DATA BLOCK.
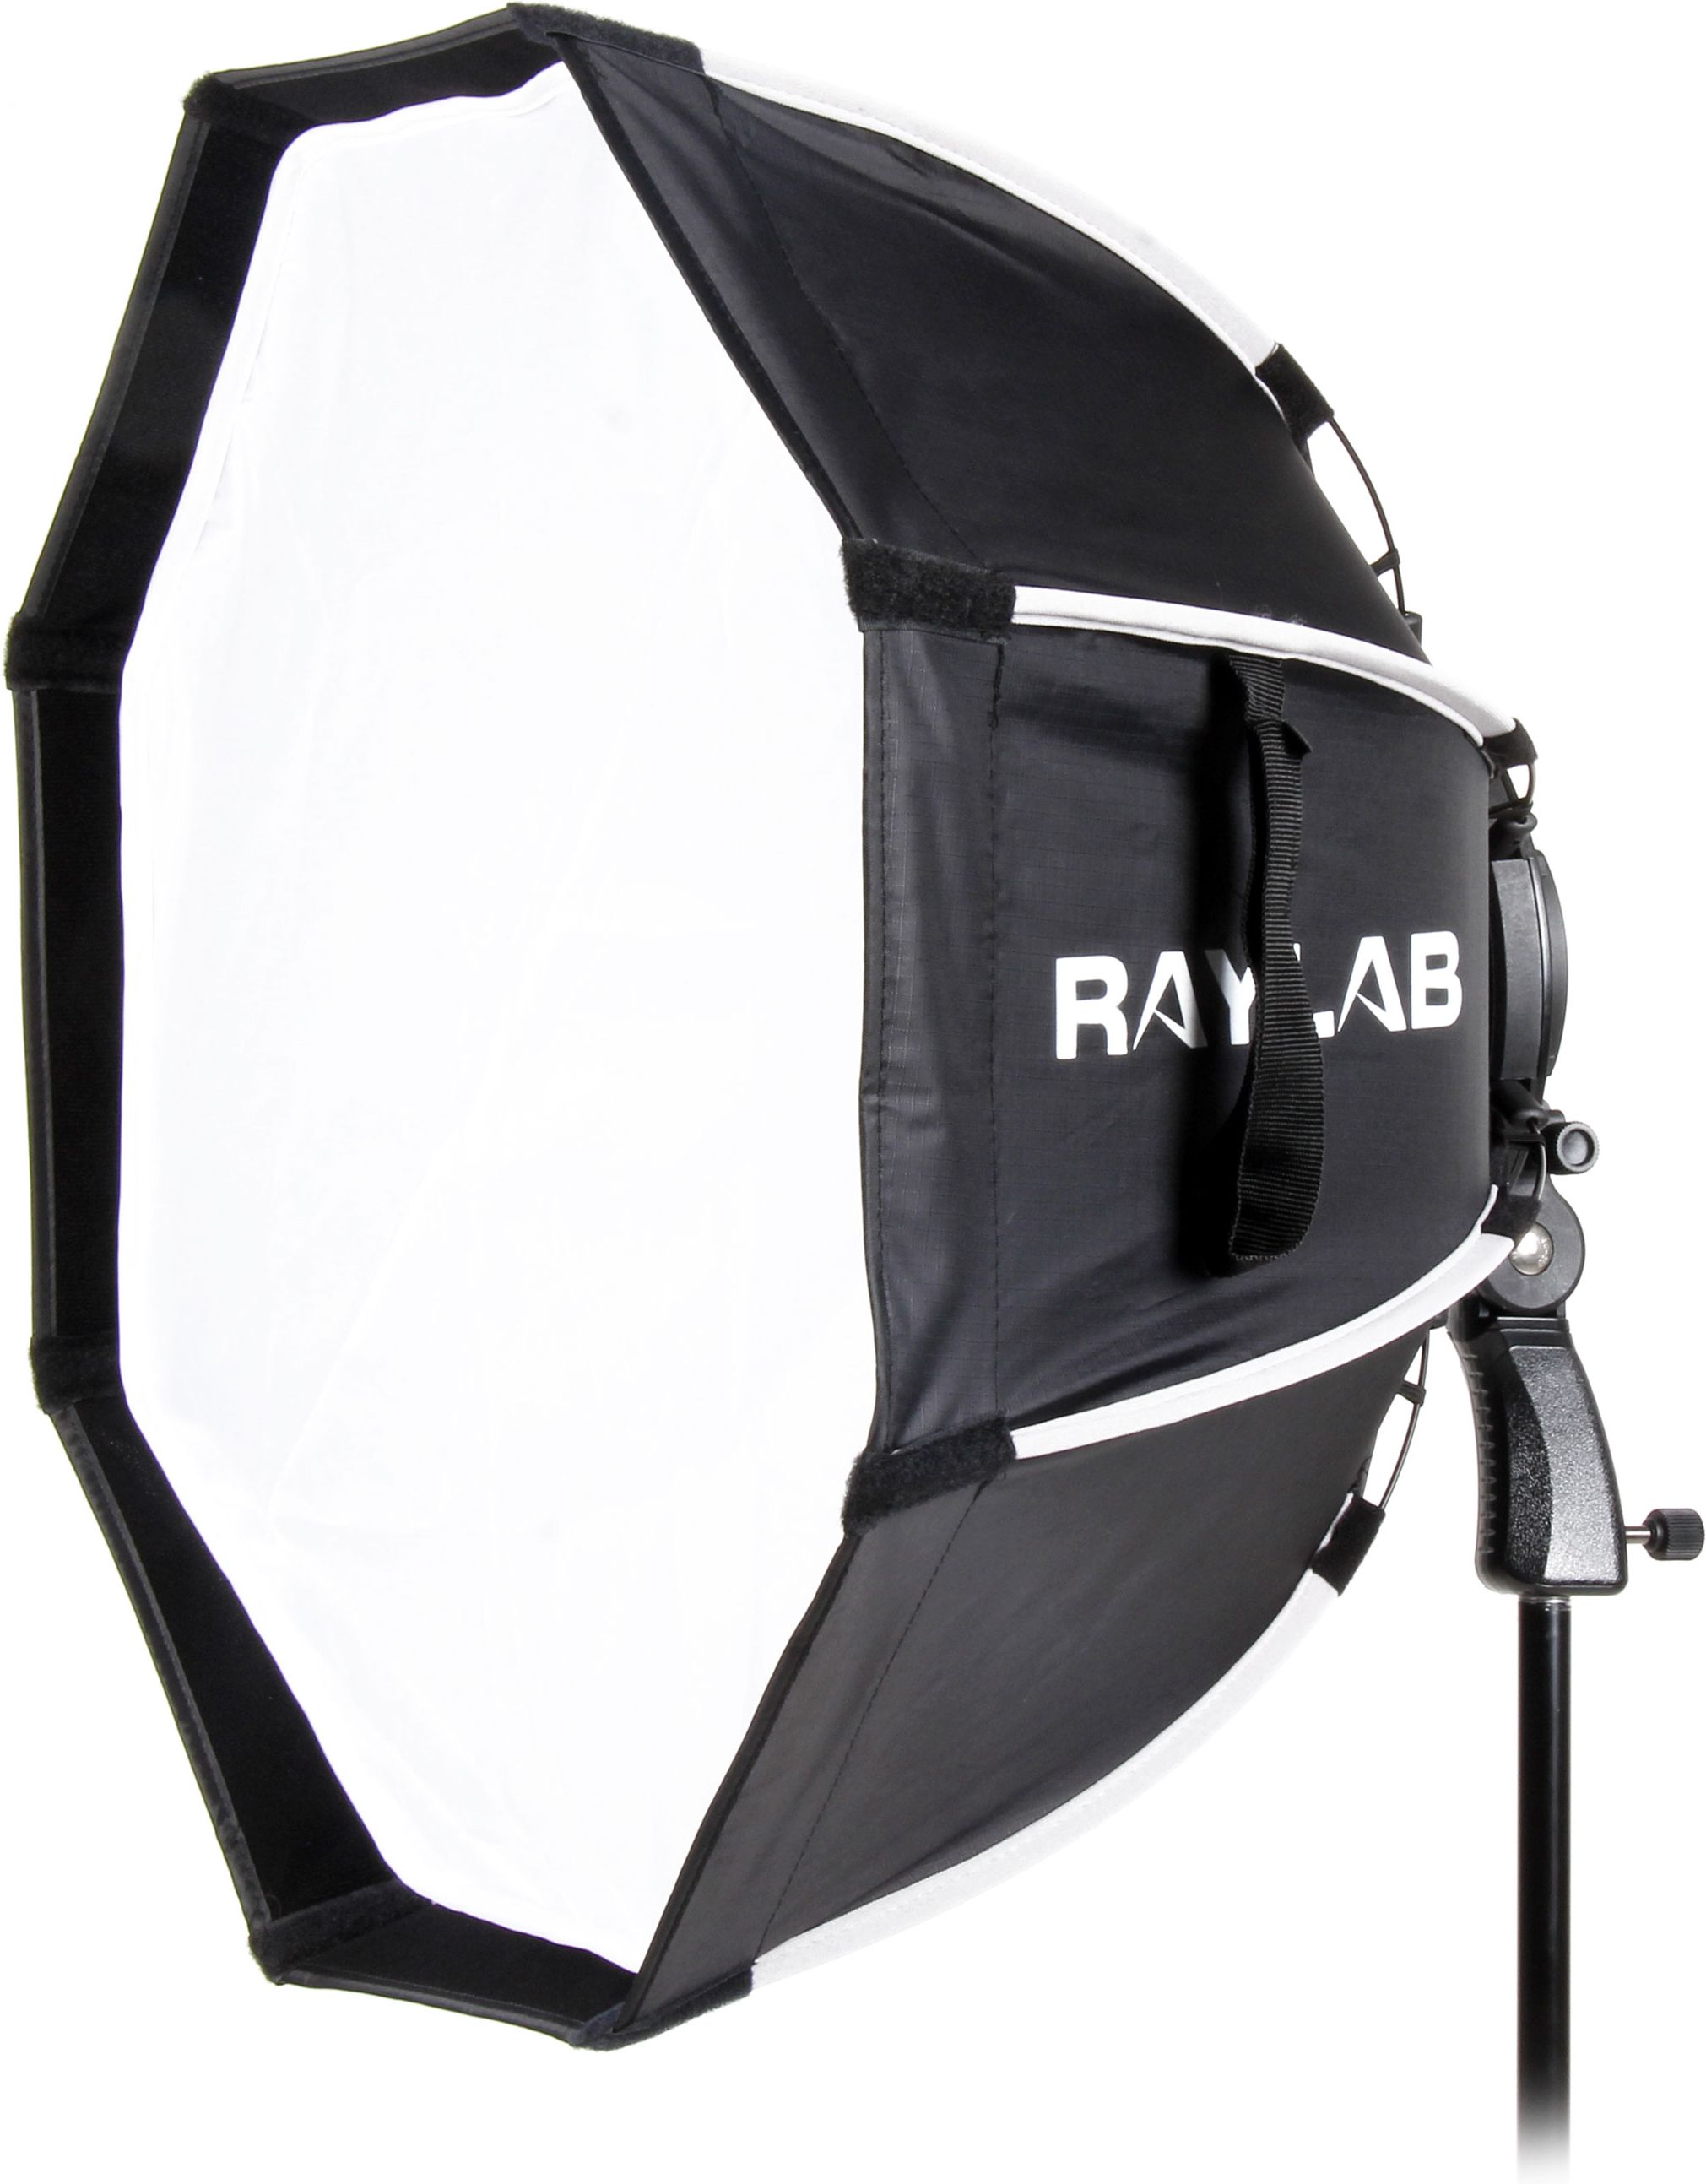      Raylab RL-SCG65   Ultra-mart
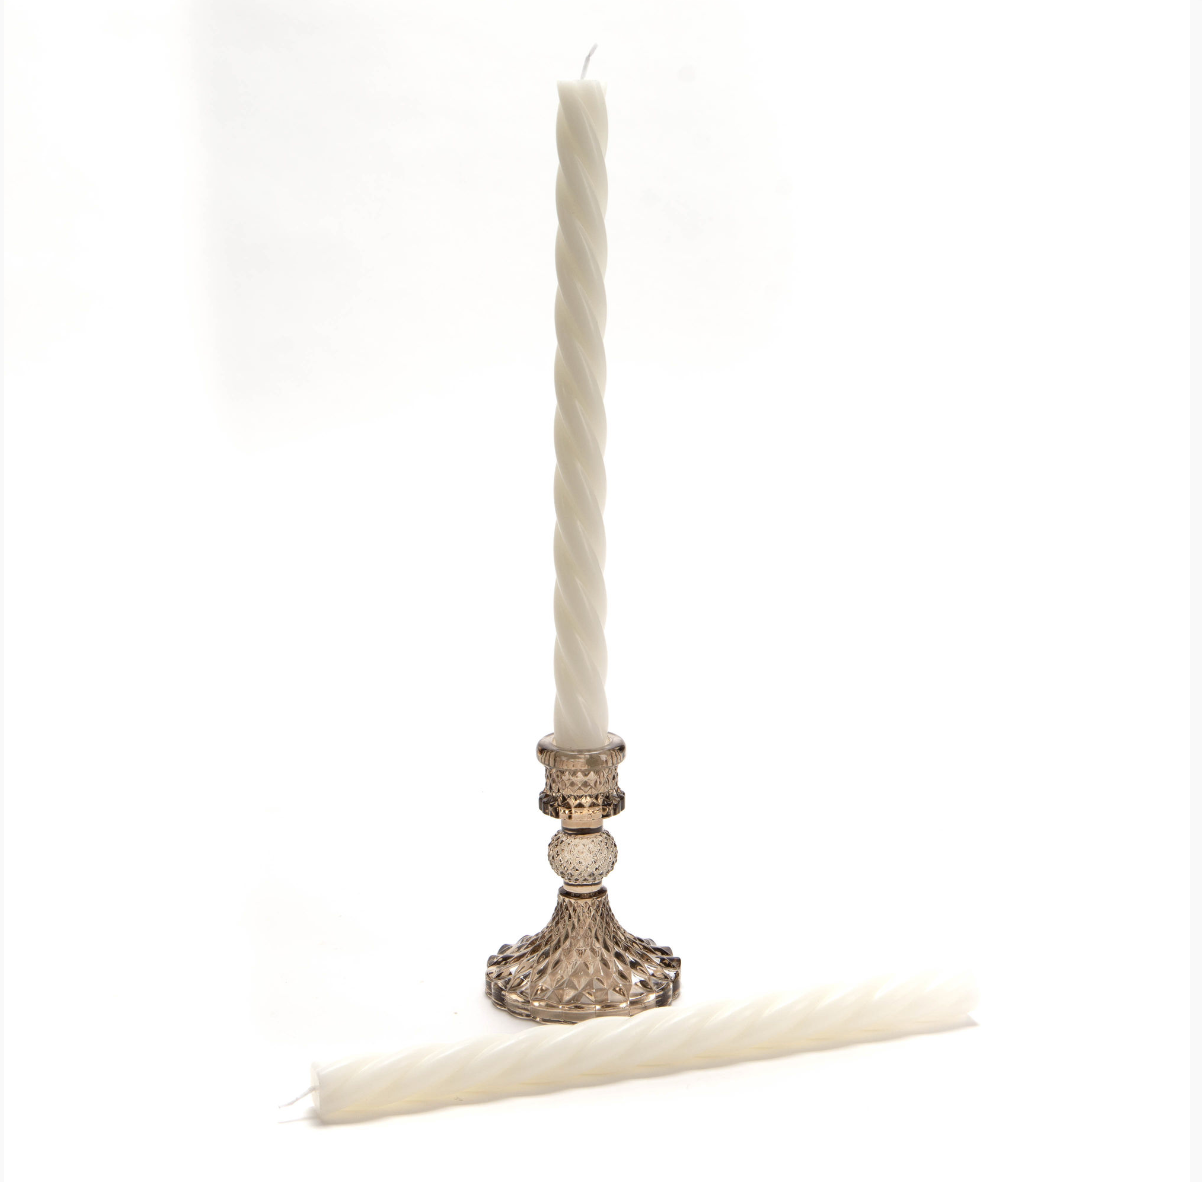 Long twisted candles "Chand Torsa" (2pcs)
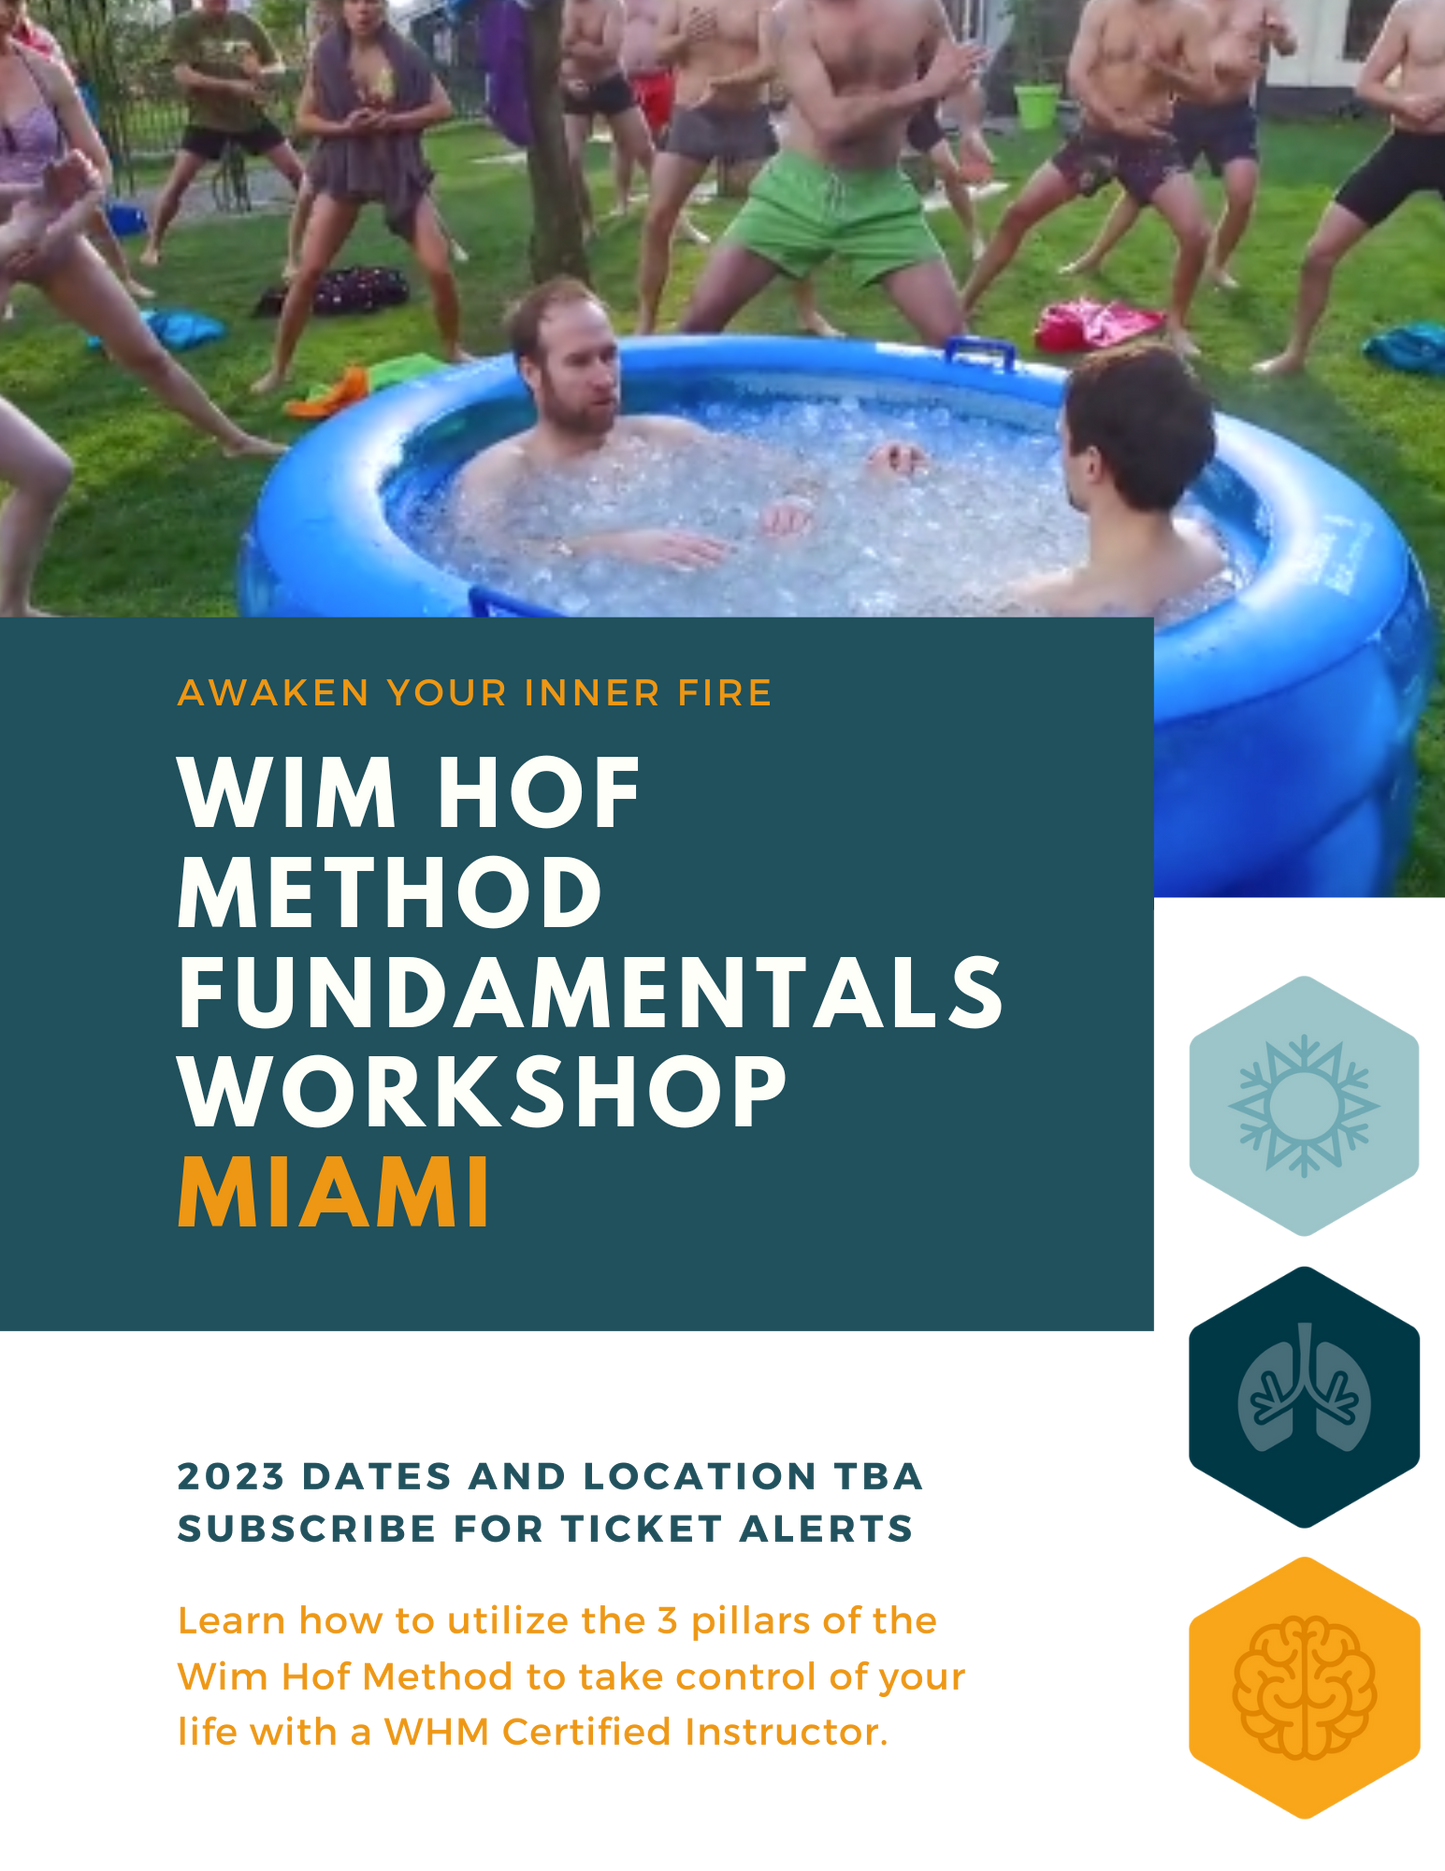 Miami Wim Hof Method Fundamentals Workshop

WHAT IS NEEDED. Print all data above verbatim, except pictures.

ANSWER BELOW.
      Raylab RL-SCG65   Ultra-mart
 Long twisted candles "Chand Torsa" (2pcs)
 Miami Wim Hof Method Fundamentals Workshop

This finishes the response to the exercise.